• For more information on Green Party membership or to contact Green Party leadership, email info@greensofarlington.org Join the Arlington Greens online on Zoom on Wednesday, Sept. 2 at 7 pm. For Zoom meeting ID and password, email us at info@greensofarlington.org

September 4, 2020

Greens support 5 cents bag tax

environment — @ 11:30 am

Arlington Greens endorse 5 cents per plastic bag tax in Arlington
Greens at their Sept. 2 meeting endorsed the imposition of a 5 cents per plastic bag tax for single use grocery/retail stores. Greens support EcoAction Arlington’s petition to the Arlington County Board to impose this 5-cent tax and encourage everyone to sign the online petition now at
https:/www.ecoactionarlington.org

The goal is to present the petitions to the county board their November 14 meeting. The Virginia General Assembly authorized local governments to impose this tax.

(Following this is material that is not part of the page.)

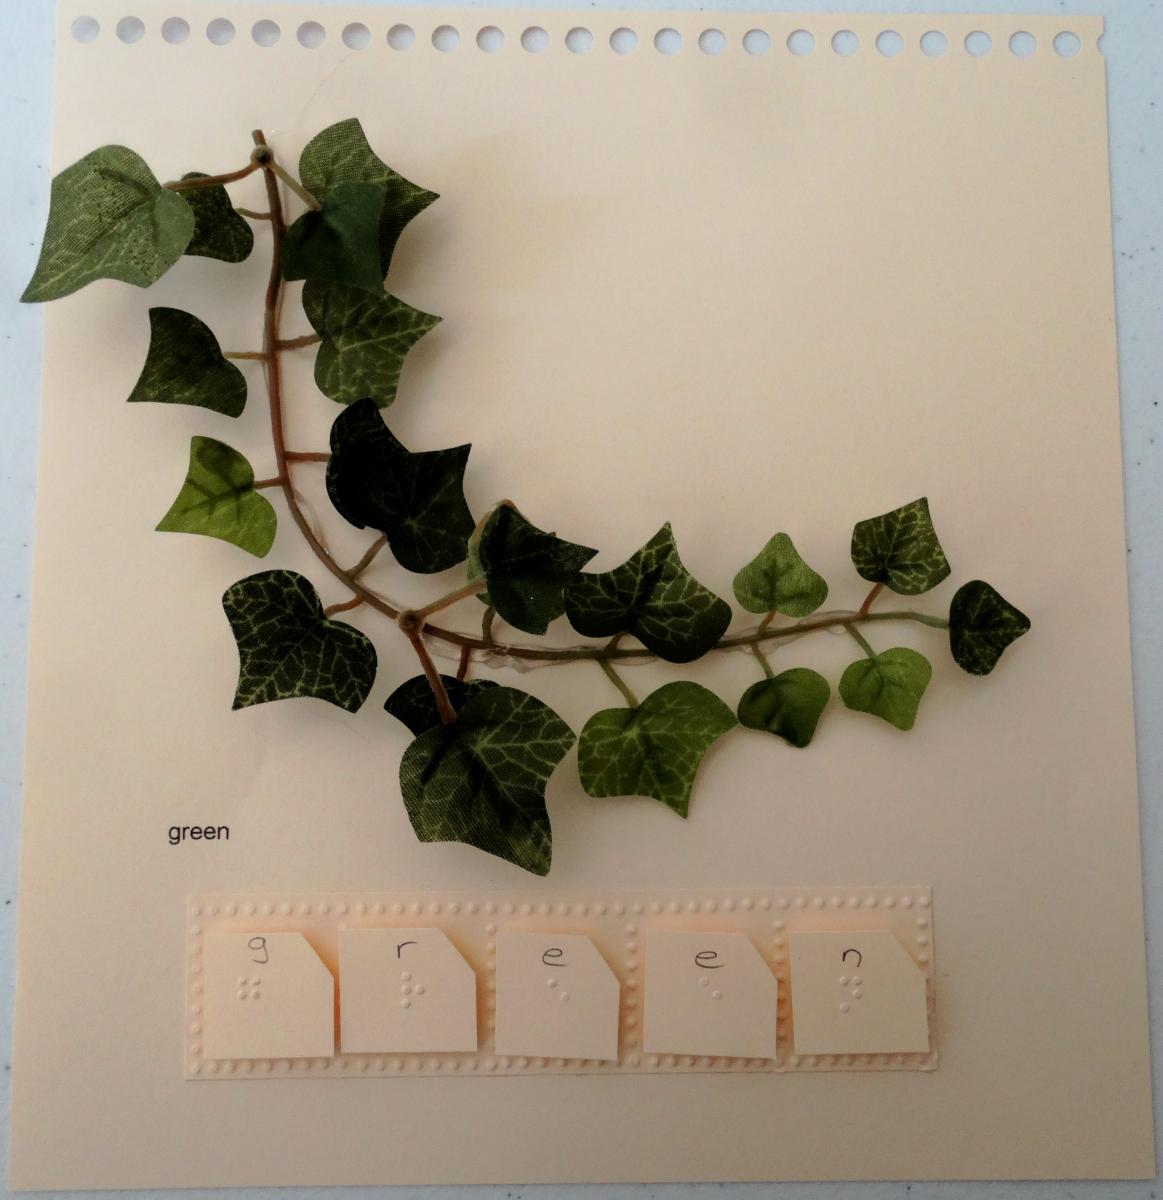 green leaves with braille letters spelling out g-r-e-e-n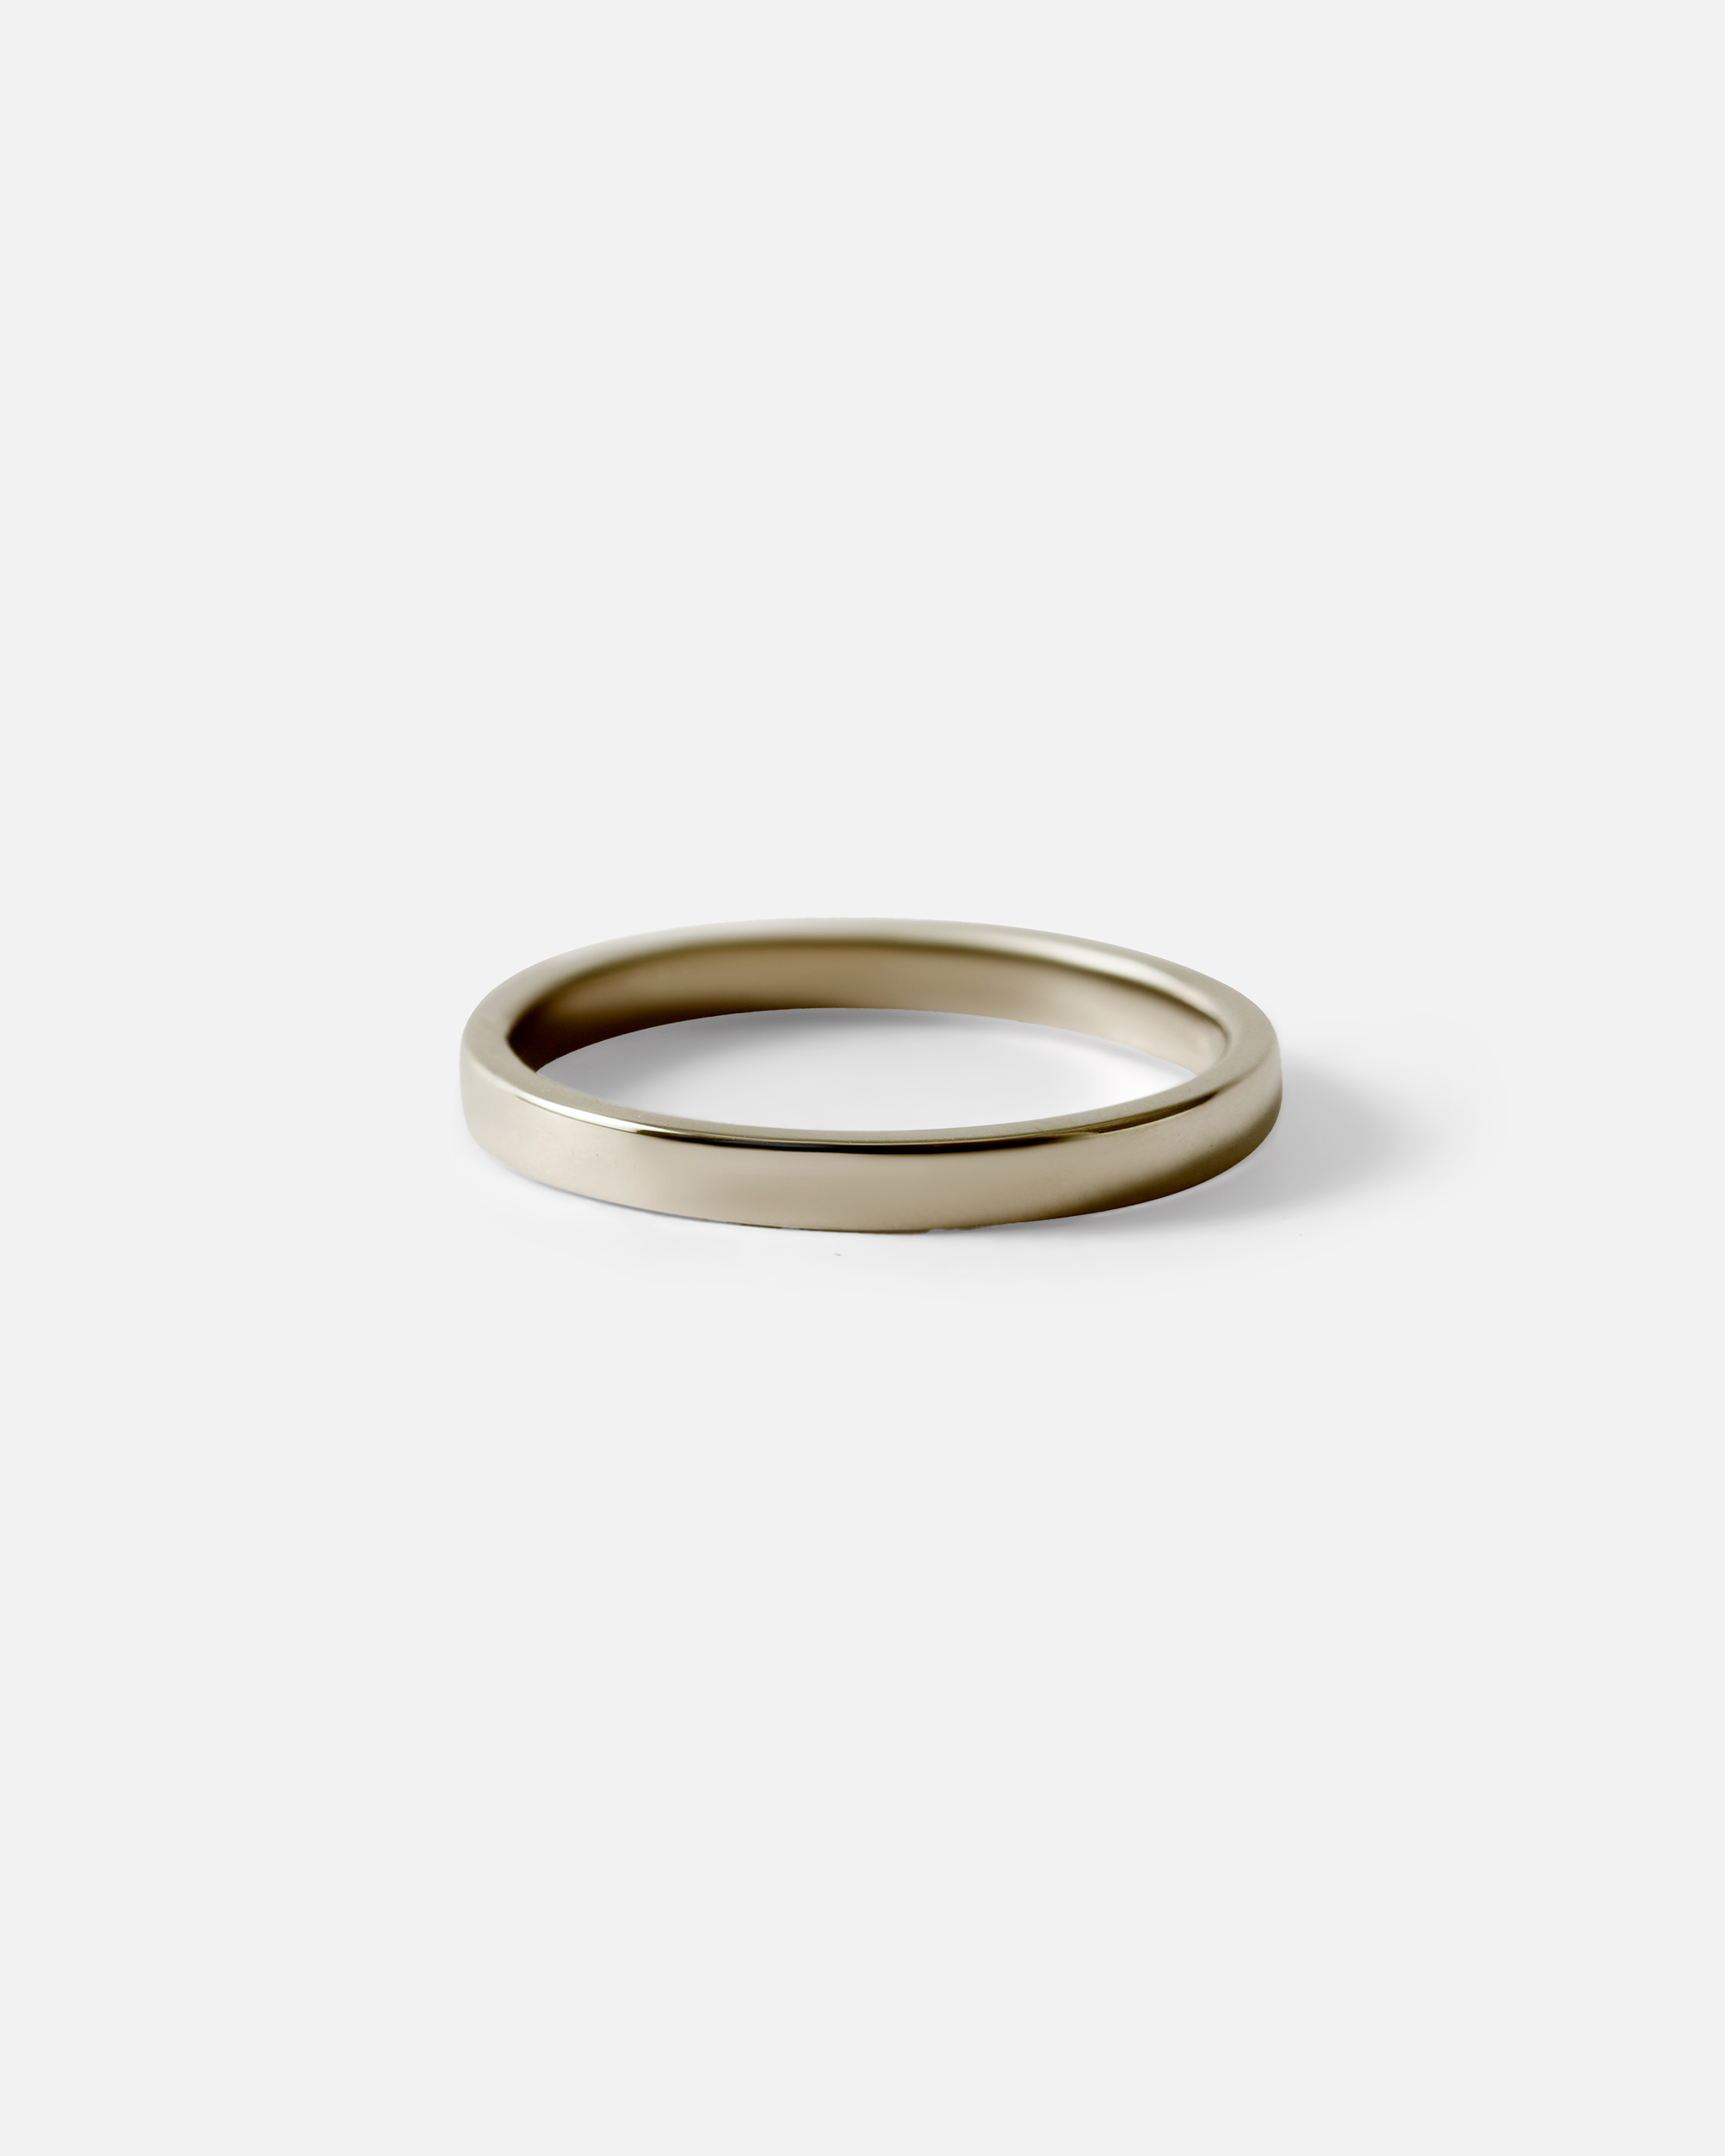 Angled view of Flat Band / 2mm Customizable By Hiroyo in 14k white gold

When Washington DC imposed its 5 cent bag tax over five years ago, the use of grocery plastic bags dropped by 80 percent, resulting in less floating in the rivers and Bay. Virtually no plastic bags today are recycled.

About ten years ago Arlington Greens urged the county board to BAN these plastic bags but the county board refused and it has taken nearly a decade to get the county board to act on this environmental nuisance that clogs our storm drains, rivers and oceans.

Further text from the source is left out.